D.light is a for-profit company started in 2007 by Stanford MBA students Ned Tozun and Sam Goldman, whose idea for solar-powered lights was born out of a Stanford Design School course called “Entrepreneurial Design for Extreme Affordability.” As a Peace Corps volunteer in Benin, Goldman had seen a young boy badly burned by a kerosene lamp. Both founders knew that more than 2 billion people in the world don’t have access to reliable electricity. Venture-capital firm Draper Fisher Jurvetson, which sponsored the design contest, invested $250,000.
Tice, meanwhile, had enjoyed a more conventional business career in the consumer products industry, running the Folger’s coffee business for Procter & Gamble and helping to develop new products for Dreyer’s ice cream. While working with advanced nanotechnology to create stain and wrinkle-resistant fabric for a company called Nano-Tex, he decided to make a change.
“I woke up one day and realized that I was saving the world from stains,” he said.
Through a networking group that looked at ways that entrepreneurs could help alleviate global poverty, Tice was introduced to investors who were considering putting money into d.light. He became an informal adviser to the company, joined the board when they closed their first round of financing in 2008, became chairman in 2010 and CEO about two years ago.
He’s glad he did: “I love the work.

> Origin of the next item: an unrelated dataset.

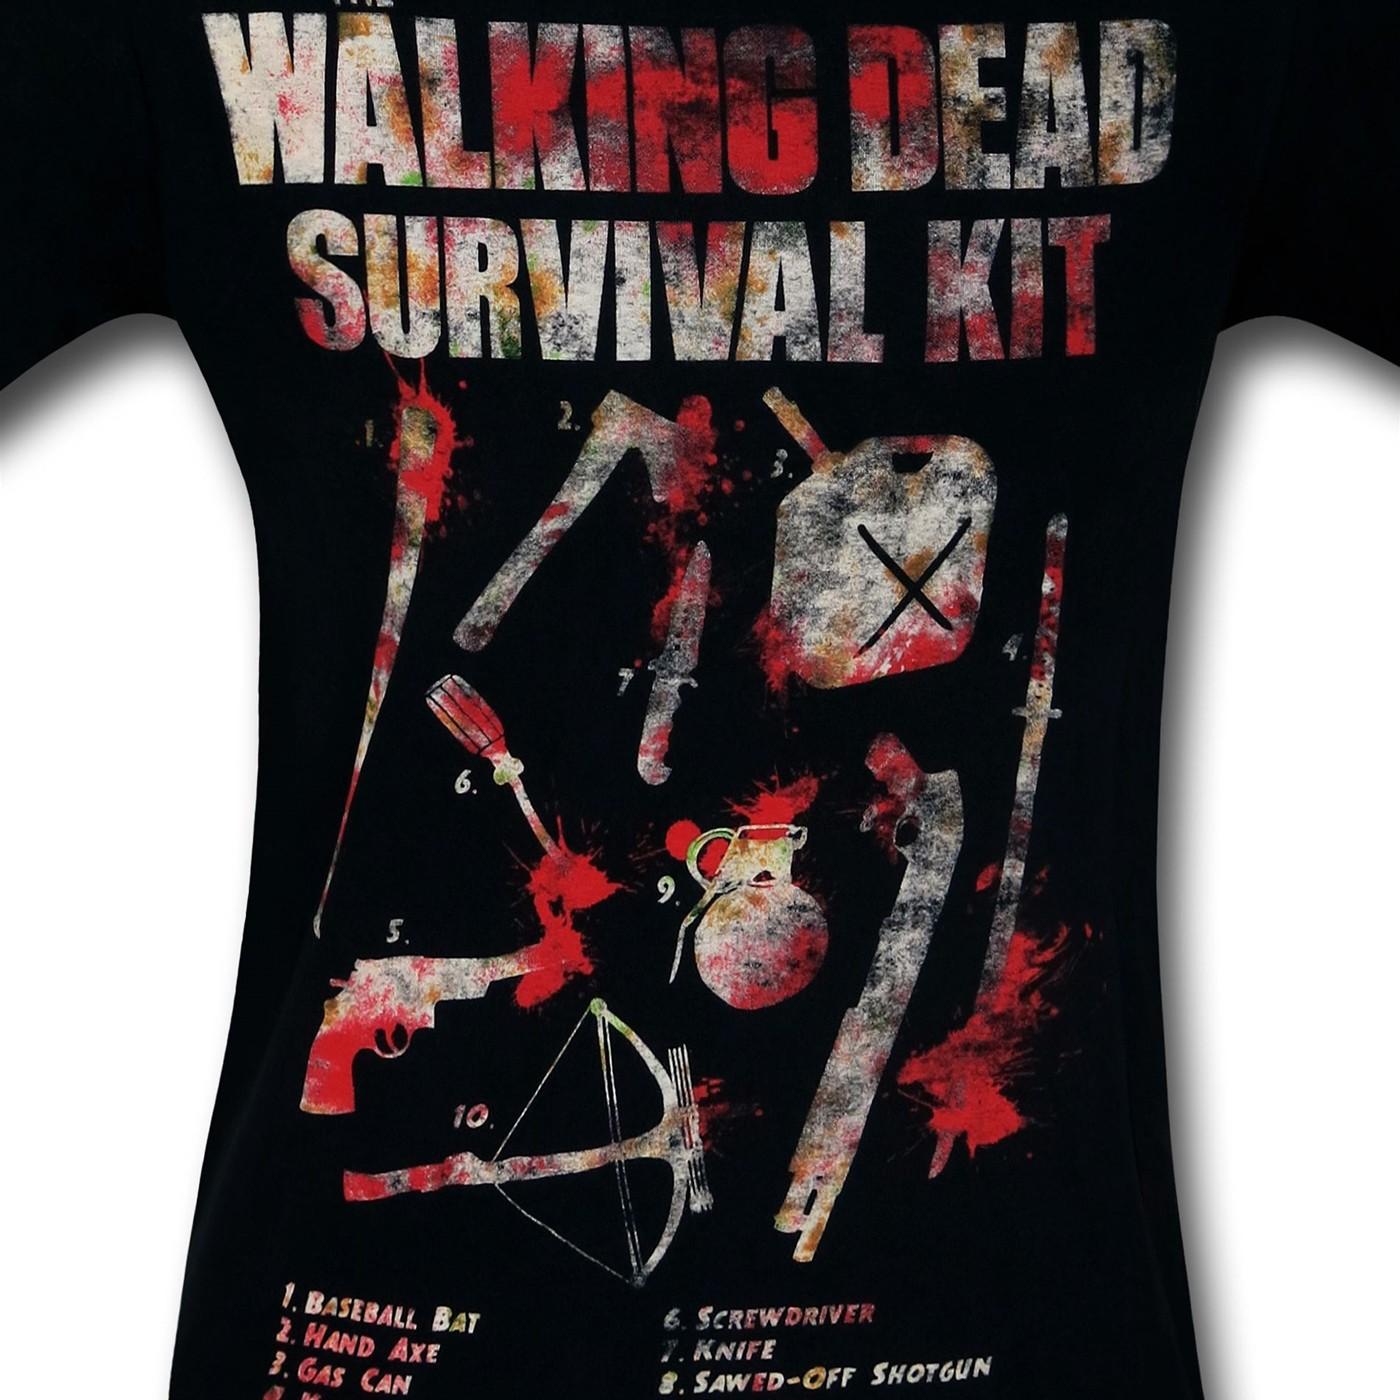 Walking Dead Survival Kit T-Shirt

I love our customers. You bring something into their lives that changes their life. What’s not to like?”
One key to the success of d.light is the company’s willingness to listen to its customers. Senior executives visit rural villages in India or Africa, where most of the lanterns are sold.
“The consumers really design our products,” Tice said. “It’s what we used to do at P&G. Our teams tromp around in the dust with prototypes.”